▶ **Task goal**
Copy word for word, please, the lines of the entries below running from the one containing "LisboaCool_Comer_Restaurante_Saraiva's" to the one containing "Swim classy ideas", both ends included.

▶ **Data entries**
Start of Block

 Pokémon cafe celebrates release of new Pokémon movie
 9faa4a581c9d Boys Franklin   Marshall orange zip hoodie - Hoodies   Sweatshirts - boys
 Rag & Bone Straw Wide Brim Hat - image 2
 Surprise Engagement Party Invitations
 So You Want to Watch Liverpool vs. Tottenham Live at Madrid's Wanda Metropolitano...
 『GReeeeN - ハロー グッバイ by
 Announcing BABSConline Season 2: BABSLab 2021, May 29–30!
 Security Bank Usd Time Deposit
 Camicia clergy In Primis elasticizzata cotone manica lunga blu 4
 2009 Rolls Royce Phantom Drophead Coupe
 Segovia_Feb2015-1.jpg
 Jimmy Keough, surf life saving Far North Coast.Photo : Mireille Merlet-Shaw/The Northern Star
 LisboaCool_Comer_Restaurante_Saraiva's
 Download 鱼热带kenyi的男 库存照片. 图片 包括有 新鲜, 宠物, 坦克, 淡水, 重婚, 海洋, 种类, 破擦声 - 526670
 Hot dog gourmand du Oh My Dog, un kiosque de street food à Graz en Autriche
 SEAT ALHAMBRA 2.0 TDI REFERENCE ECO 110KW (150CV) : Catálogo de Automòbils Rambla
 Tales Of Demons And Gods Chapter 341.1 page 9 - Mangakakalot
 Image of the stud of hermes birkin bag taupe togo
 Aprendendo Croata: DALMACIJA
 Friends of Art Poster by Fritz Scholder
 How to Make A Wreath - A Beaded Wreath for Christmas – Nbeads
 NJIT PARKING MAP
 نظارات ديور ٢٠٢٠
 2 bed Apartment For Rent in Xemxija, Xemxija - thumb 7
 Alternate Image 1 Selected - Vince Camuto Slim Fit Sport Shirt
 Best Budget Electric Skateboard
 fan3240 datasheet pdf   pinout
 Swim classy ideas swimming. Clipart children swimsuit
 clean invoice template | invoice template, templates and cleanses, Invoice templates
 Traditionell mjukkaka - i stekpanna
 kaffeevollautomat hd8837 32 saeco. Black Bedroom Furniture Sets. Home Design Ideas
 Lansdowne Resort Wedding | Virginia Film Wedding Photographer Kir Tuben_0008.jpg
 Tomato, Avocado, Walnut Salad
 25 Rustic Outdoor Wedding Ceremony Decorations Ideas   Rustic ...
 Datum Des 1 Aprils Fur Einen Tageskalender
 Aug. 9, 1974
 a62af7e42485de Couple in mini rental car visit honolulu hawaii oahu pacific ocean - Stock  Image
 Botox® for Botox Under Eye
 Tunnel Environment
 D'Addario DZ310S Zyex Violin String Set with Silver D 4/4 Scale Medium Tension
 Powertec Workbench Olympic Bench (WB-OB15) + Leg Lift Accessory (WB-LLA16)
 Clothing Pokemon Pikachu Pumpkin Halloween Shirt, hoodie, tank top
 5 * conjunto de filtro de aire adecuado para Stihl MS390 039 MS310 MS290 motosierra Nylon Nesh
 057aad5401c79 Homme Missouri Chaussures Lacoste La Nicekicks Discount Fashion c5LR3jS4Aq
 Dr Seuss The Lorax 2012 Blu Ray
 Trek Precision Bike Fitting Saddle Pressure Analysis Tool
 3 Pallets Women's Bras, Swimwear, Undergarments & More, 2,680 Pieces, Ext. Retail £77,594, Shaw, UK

End of Block

▶ **Problem solution**
 LisboaCool_Comer_Restaurante_Saraiva's
 Download 鱼热带kenyi的男 库存照片. 图片 包括有 新鲜, 宠物, 坦克, 淡水, 重婚, 海洋, 种类, 破擦声 - 526670
 Hot dog gourmand du Oh My Dog, un kiosque de street food à Graz en Autriche
 SEAT ALHAMBRA 2.0 TDI REFERENCE ECO 110KW (150CV) : Catálogo de Automòbils Rambla
 Tales Of Demons And Gods Chapter 341.1 page 9 - Mangakakalot
 Image of the stud of hermes birkin bag taupe togo
 Aprendendo Croata: DALMACIJA
 Friends of Art Poster by Fritz Scholder
 How to Make A Wreath - A Beaded Wreath for Christmas – Nbeads
 NJIT PARKING MAP
 نظارات ديور ٢٠٢٠
 2 bed Apartment For Rent in Xemxija, Xemxija - thumb 7
 Alternate Image 1 Selected - Vince Camuto Slim Fit Sport Shirt
 Best Budget Electric Skateboard
 fan3240 datasheet pdf   pinout
 Swim classy ideas swimming. Clipart children swimsuit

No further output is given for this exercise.